## TASK TO COMPLETE
Could you please output only the lines from the one holding "Bumbleride Speed Jogging" through the end of the listing below, exactly as written and without pictures?

## INFORMATION SUPPLIED
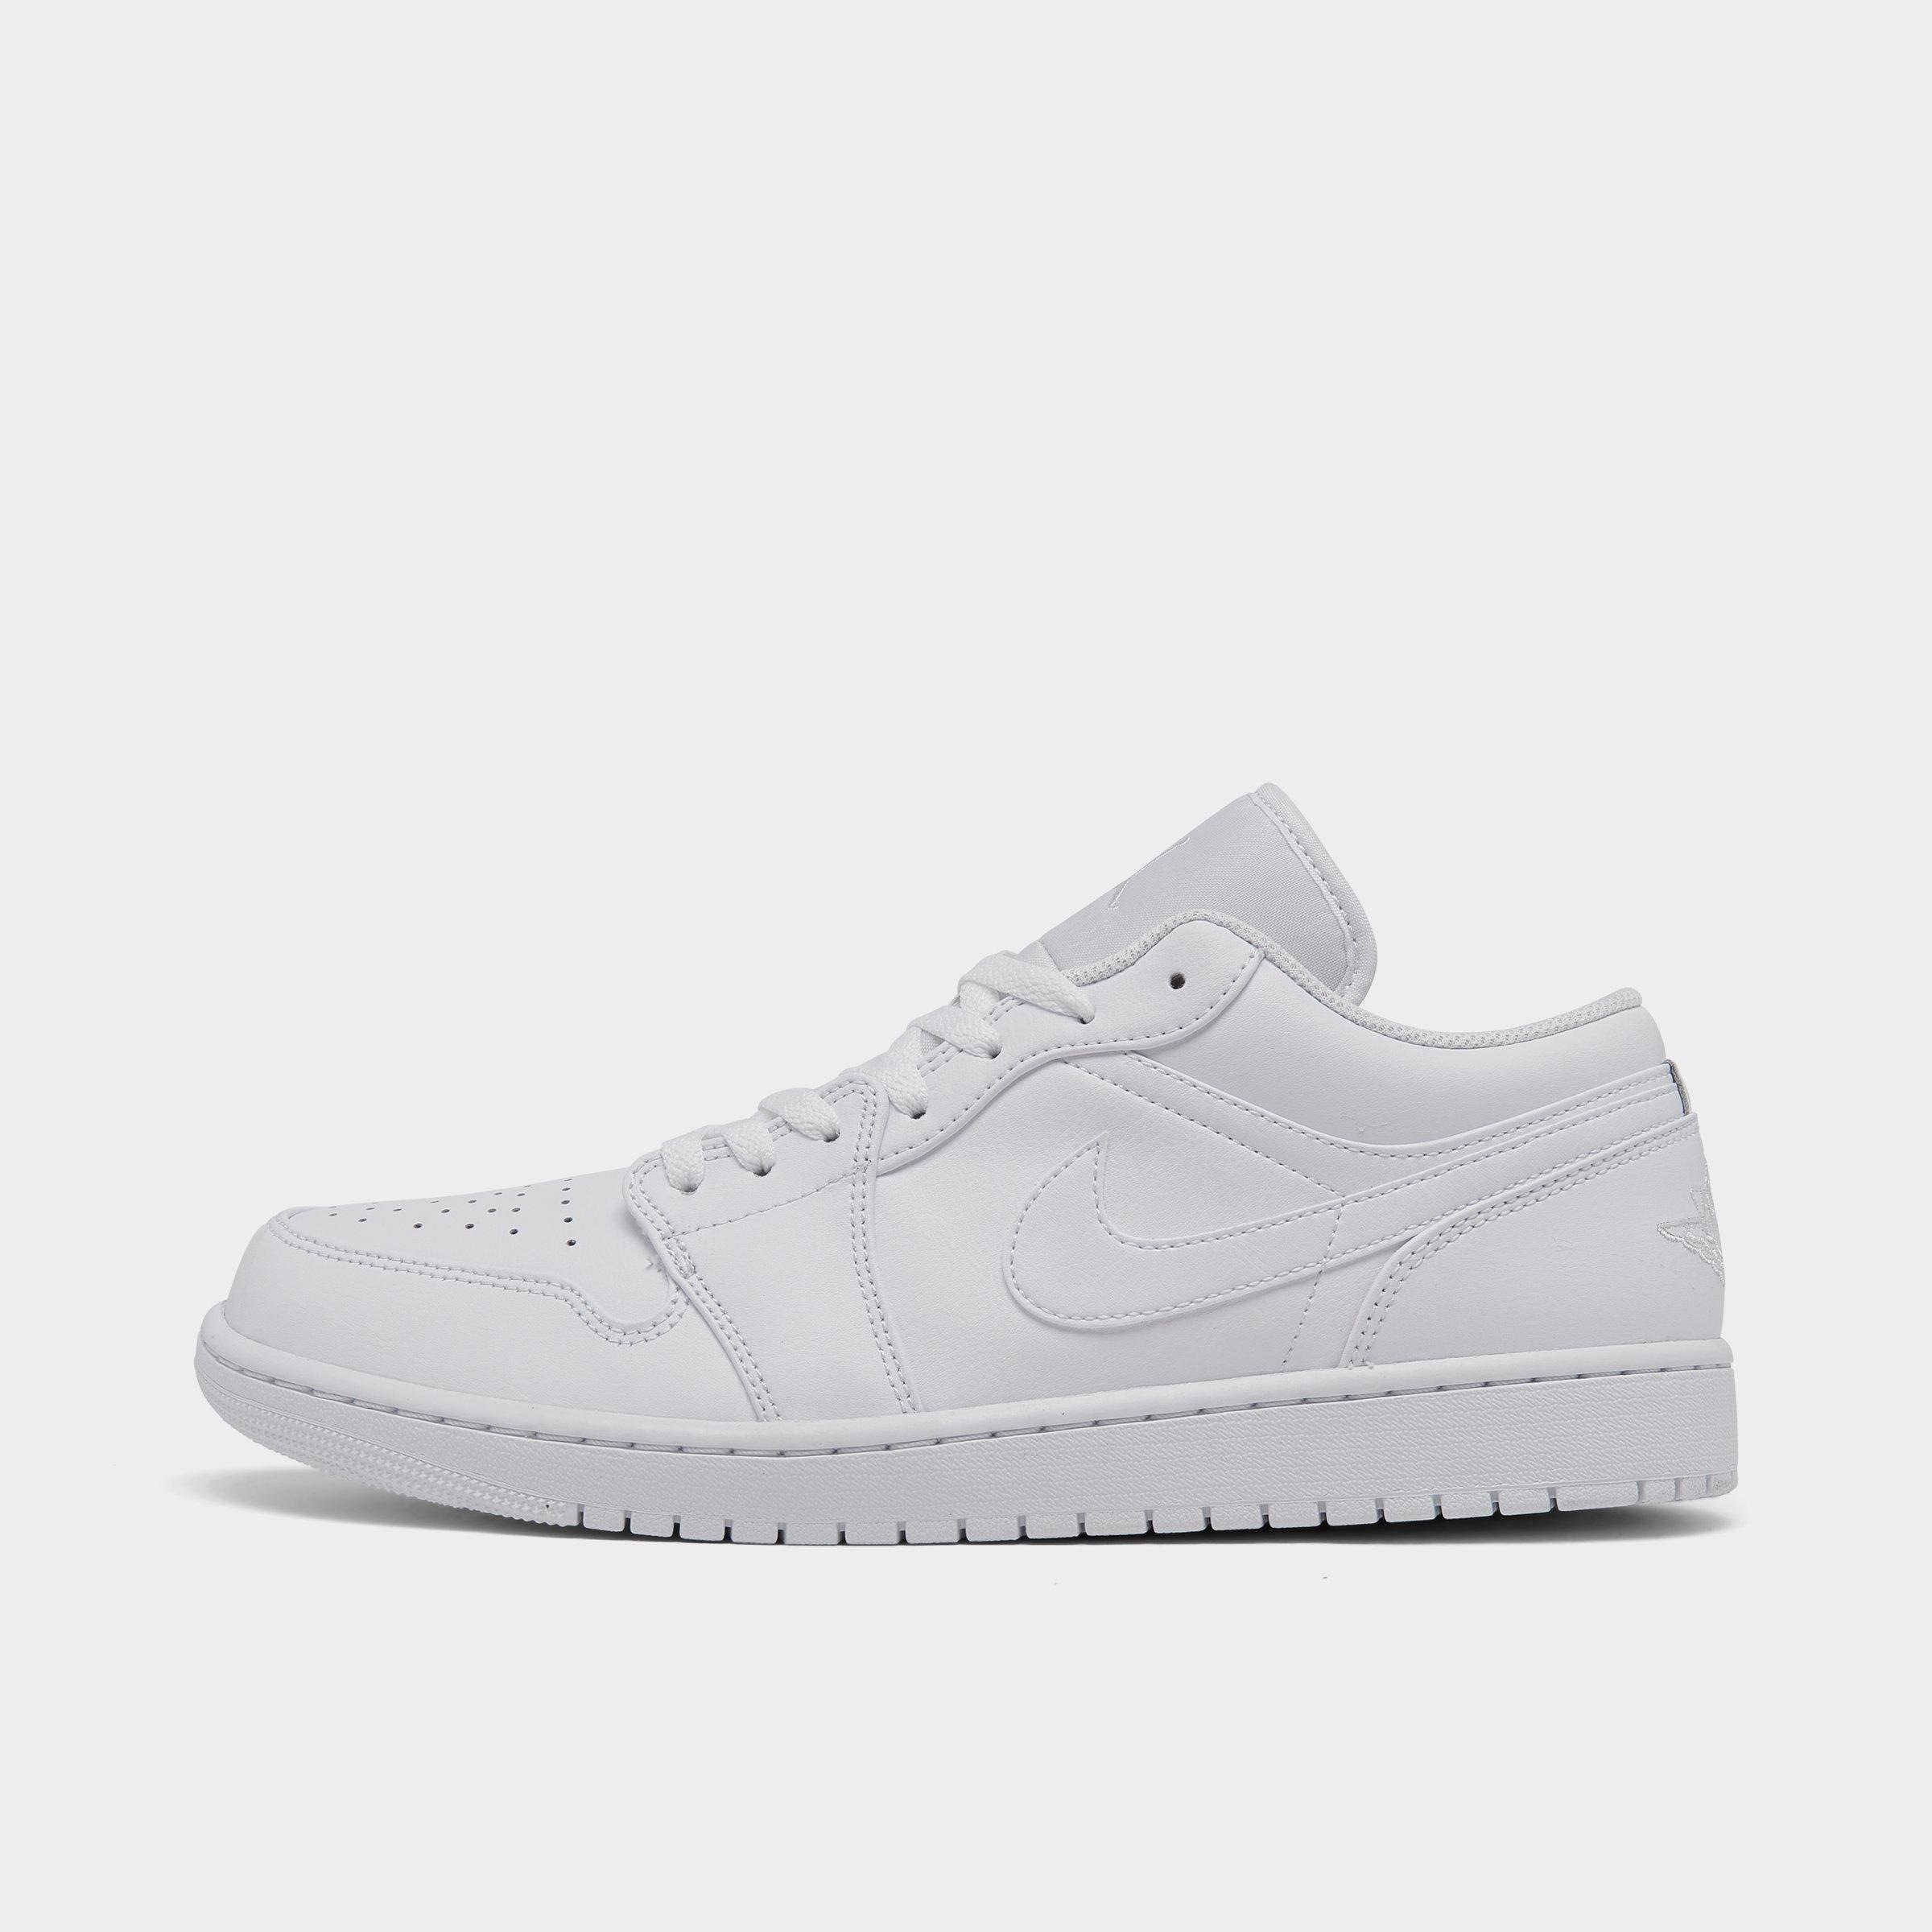 Nike Jordan Air Retro 1 Low Casual Shoes In White/white/white
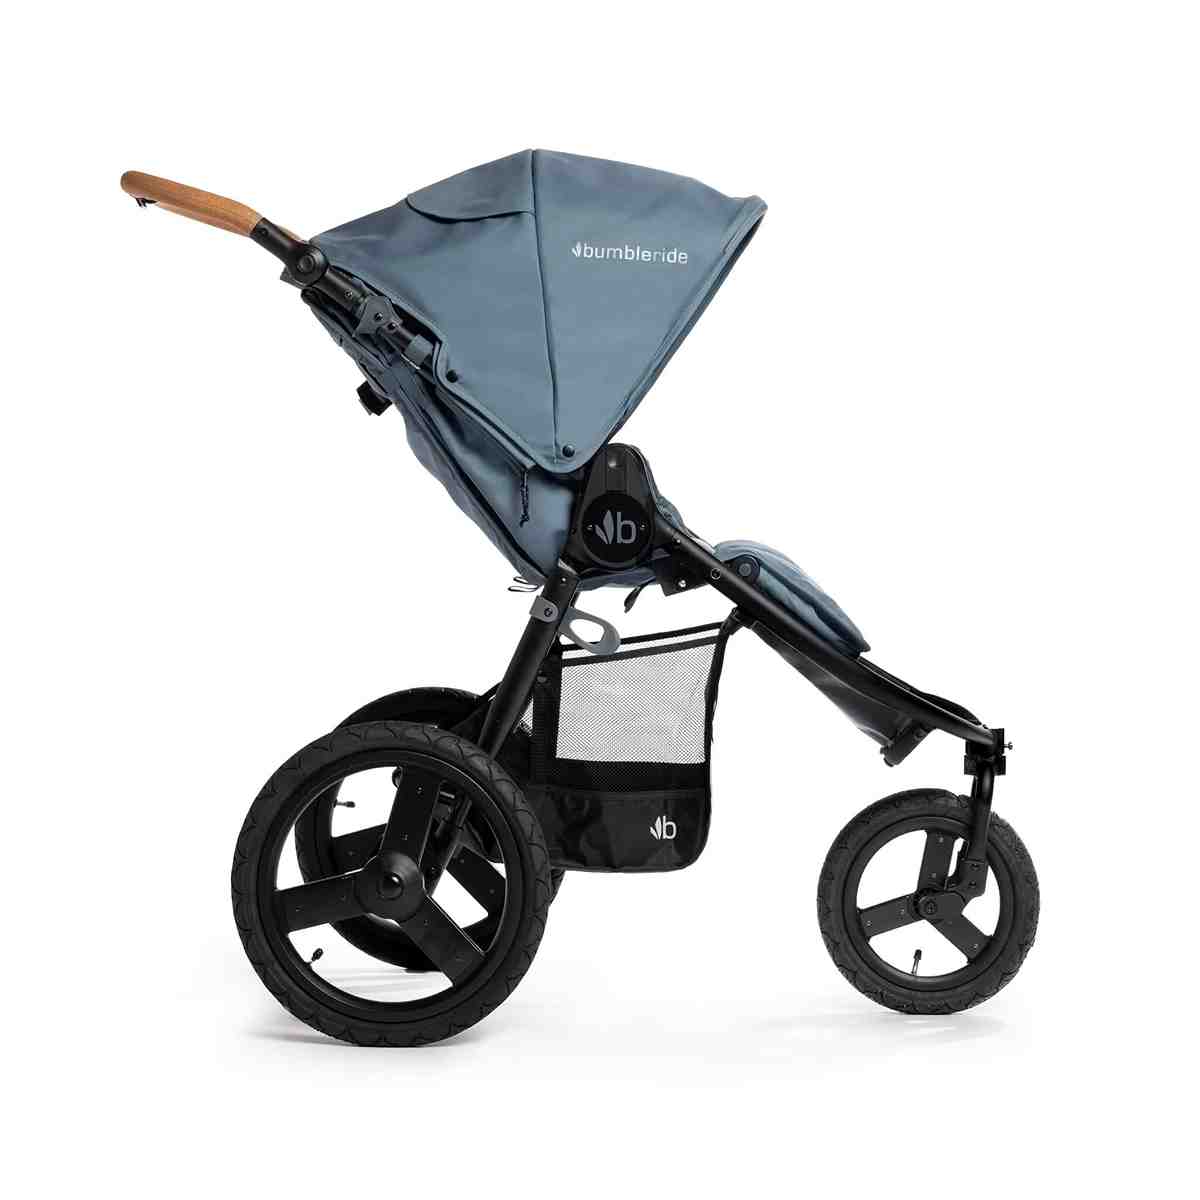 Bumbleride Speed Jogging Stroller, 850053131127 - ANB Baby
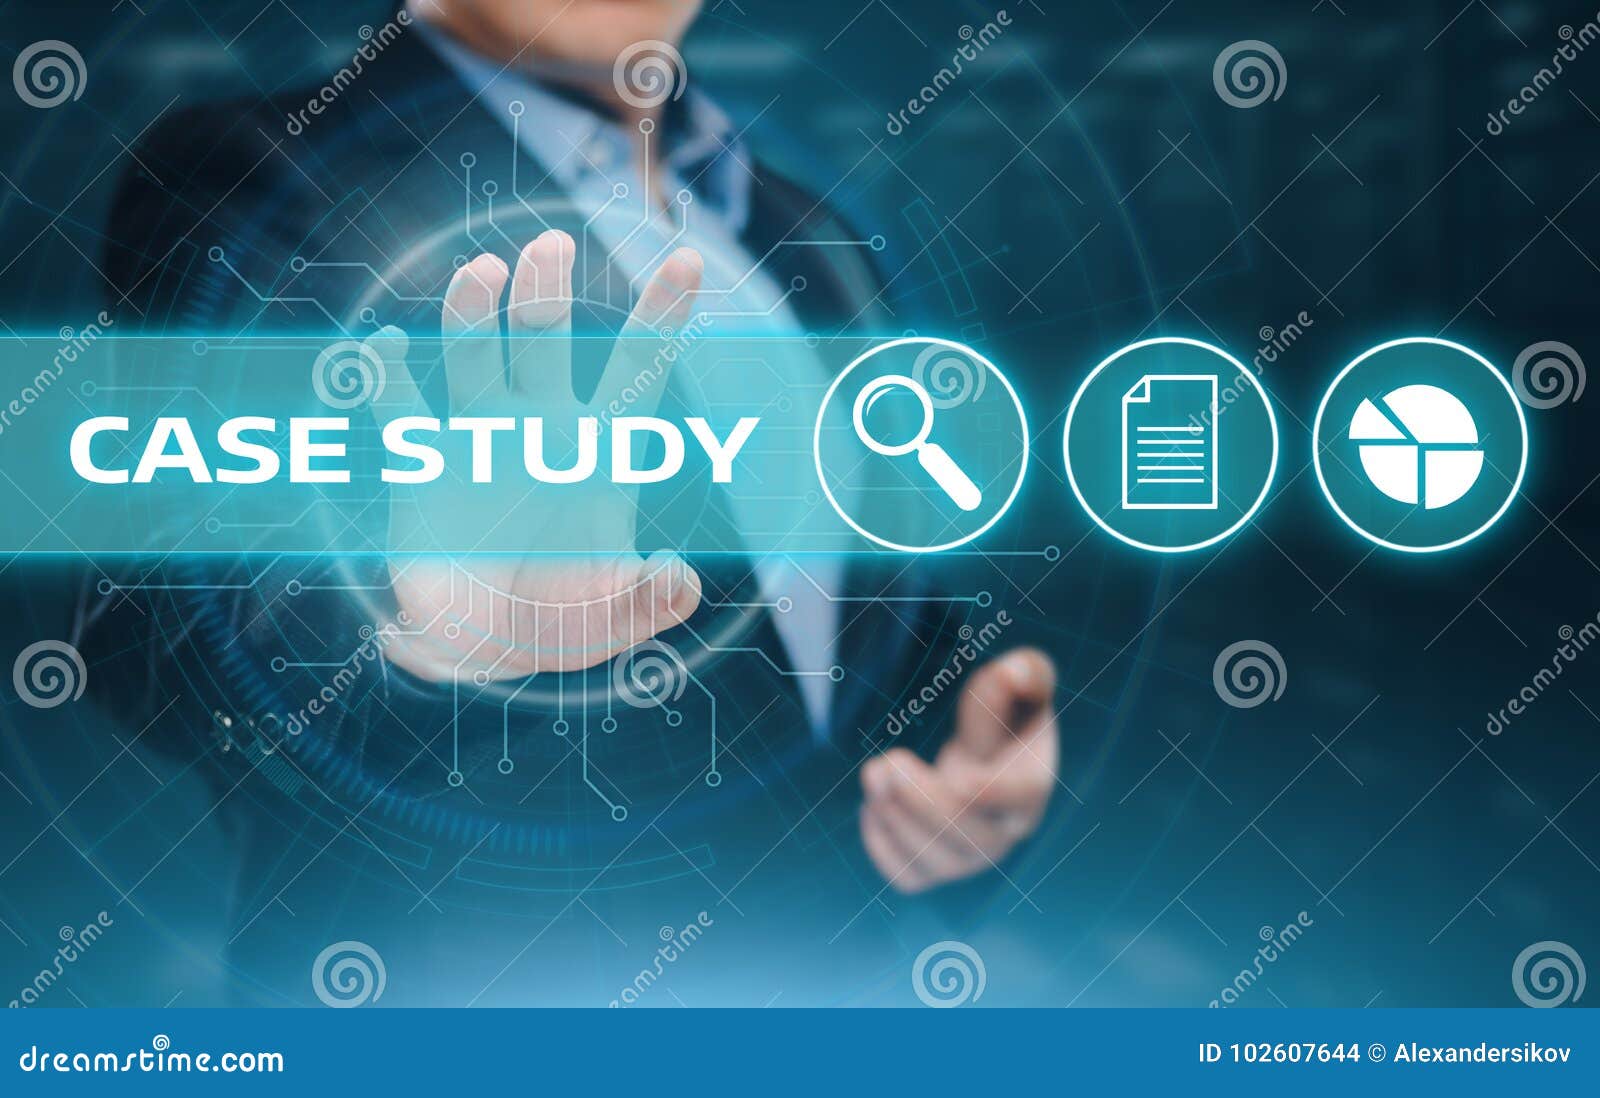 case study definition information technology
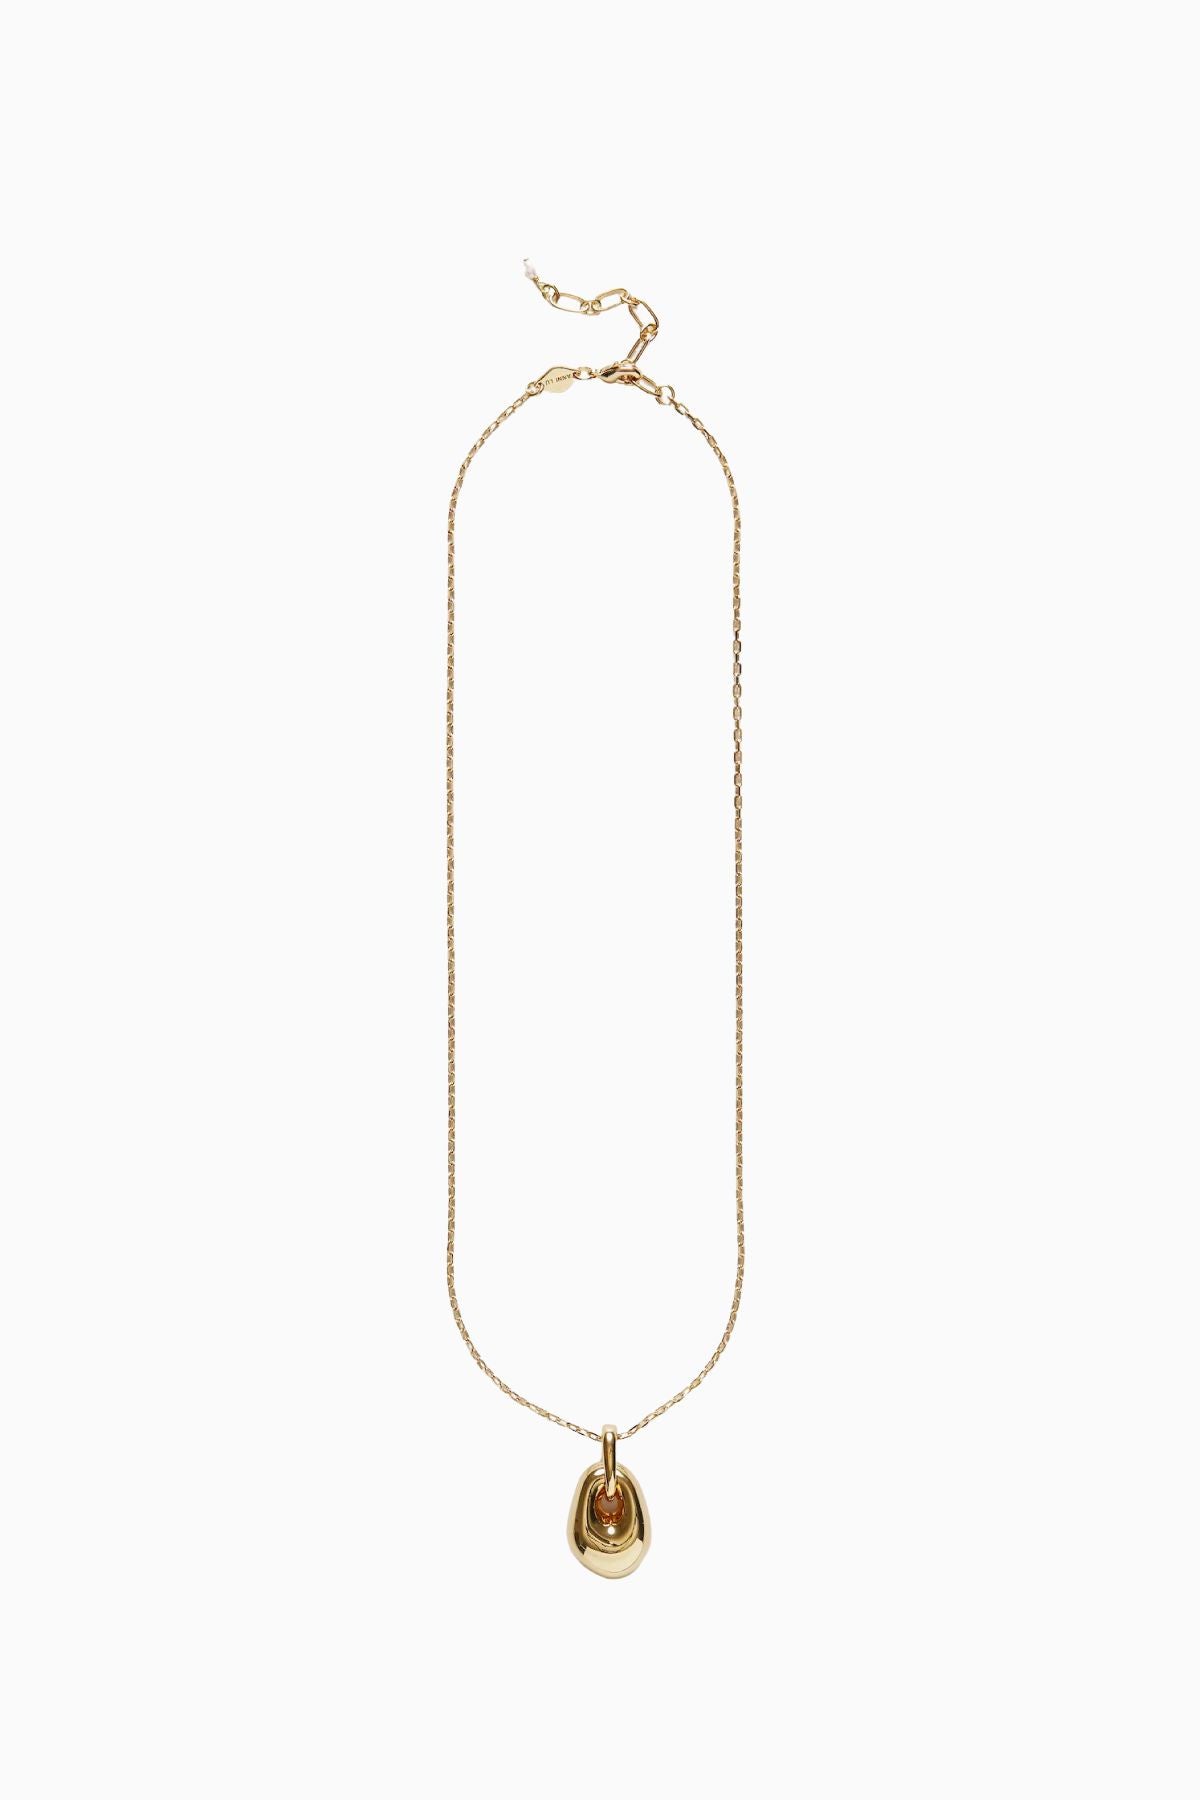 Anni Lu Golden Pebble Necklace - Gold

## YOUR RESPONSE
 Bumbleride Speed Jogging Stroller, 850053131127 - ANB Baby
 case study definition information technology
 Anni Lu Golden Pebble Necklace - Gold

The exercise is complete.